(Collected data entries)
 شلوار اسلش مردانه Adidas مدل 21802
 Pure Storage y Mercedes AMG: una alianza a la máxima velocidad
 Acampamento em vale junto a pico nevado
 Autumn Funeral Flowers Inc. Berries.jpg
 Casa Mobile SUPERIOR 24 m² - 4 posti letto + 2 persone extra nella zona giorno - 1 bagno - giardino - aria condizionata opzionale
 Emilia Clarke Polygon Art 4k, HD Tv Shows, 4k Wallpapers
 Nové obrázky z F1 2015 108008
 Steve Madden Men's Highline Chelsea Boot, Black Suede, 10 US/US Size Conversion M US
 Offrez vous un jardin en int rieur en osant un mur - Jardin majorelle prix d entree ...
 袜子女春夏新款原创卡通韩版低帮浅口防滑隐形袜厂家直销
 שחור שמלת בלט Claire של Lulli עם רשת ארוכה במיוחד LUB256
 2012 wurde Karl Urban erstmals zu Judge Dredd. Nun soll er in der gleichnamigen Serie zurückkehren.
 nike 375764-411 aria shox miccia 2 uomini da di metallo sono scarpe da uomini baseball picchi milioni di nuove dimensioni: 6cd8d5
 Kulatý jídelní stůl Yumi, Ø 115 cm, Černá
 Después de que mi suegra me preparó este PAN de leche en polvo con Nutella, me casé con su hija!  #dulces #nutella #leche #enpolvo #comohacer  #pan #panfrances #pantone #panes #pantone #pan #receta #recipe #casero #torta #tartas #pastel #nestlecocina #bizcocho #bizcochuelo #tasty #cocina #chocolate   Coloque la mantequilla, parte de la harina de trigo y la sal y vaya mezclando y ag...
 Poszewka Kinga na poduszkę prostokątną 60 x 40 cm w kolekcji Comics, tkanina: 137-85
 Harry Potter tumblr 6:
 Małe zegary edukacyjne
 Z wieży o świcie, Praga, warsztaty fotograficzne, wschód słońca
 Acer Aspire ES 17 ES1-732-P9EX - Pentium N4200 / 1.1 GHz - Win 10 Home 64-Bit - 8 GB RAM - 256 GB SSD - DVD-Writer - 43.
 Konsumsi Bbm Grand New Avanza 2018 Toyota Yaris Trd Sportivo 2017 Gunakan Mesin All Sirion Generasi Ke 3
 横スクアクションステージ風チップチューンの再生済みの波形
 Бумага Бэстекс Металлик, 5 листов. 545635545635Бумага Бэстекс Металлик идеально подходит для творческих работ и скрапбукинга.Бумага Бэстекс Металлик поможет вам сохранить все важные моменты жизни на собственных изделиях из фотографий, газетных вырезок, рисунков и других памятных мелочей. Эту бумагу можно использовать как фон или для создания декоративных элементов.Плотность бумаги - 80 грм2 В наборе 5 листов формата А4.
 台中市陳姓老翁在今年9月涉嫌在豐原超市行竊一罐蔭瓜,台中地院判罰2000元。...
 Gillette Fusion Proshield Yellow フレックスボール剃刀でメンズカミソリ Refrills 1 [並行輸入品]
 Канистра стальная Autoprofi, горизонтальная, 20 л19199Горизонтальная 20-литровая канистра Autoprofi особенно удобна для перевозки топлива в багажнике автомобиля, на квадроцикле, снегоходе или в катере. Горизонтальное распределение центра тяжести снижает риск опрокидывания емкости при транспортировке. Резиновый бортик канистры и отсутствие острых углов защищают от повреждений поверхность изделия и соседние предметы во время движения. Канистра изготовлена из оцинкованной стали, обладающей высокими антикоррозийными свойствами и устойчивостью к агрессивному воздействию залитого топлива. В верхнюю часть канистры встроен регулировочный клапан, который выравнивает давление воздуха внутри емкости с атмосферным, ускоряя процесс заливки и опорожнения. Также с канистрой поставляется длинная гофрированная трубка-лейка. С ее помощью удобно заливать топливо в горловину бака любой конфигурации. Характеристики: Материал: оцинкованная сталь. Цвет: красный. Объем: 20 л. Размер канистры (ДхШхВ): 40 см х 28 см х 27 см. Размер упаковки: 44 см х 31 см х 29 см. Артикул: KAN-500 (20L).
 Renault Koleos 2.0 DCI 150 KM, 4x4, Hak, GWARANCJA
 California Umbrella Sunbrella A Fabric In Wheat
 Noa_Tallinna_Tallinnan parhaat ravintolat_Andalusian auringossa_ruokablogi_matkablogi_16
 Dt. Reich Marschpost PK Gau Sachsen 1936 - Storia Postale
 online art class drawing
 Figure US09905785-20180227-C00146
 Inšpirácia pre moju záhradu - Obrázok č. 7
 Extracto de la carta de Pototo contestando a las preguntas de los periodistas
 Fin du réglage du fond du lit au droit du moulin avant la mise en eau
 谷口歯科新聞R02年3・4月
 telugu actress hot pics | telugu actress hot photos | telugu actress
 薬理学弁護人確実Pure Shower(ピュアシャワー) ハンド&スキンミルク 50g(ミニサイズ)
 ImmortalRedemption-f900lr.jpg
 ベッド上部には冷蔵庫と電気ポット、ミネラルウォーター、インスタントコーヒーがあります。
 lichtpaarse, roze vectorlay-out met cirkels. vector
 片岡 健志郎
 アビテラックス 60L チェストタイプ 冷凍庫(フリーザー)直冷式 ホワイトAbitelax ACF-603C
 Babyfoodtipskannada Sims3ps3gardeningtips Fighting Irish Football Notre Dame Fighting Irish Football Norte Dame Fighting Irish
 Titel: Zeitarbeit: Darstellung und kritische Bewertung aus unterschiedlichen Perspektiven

### TASK DESCRIPTION
Return, exactly as they stand, the lines from the start of the records above through the line with "Nové obrázky z F1 2015 108008", both ends included, and no other lines.

### SOLUTION TO THIS EXERCISE
 شلوار اسلش مردانه Adidas مدل 21802
 Pure Storage y Mercedes AMG: una alianza a la máxima velocidad
 Acampamento em vale junto a pico nevado
 Autumn Funeral Flowers Inc. Berries.jpg
 Casa Mobile SUPERIOR 24 m² - 4 posti letto + 2 persone extra nella zona giorno - 1 bagno - giardino - aria condizionata opzionale
 Emilia Clarke Polygon Art 4k, HD Tv Shows, 4k Wallpapers
 Nové obrázky z F1 2015 108008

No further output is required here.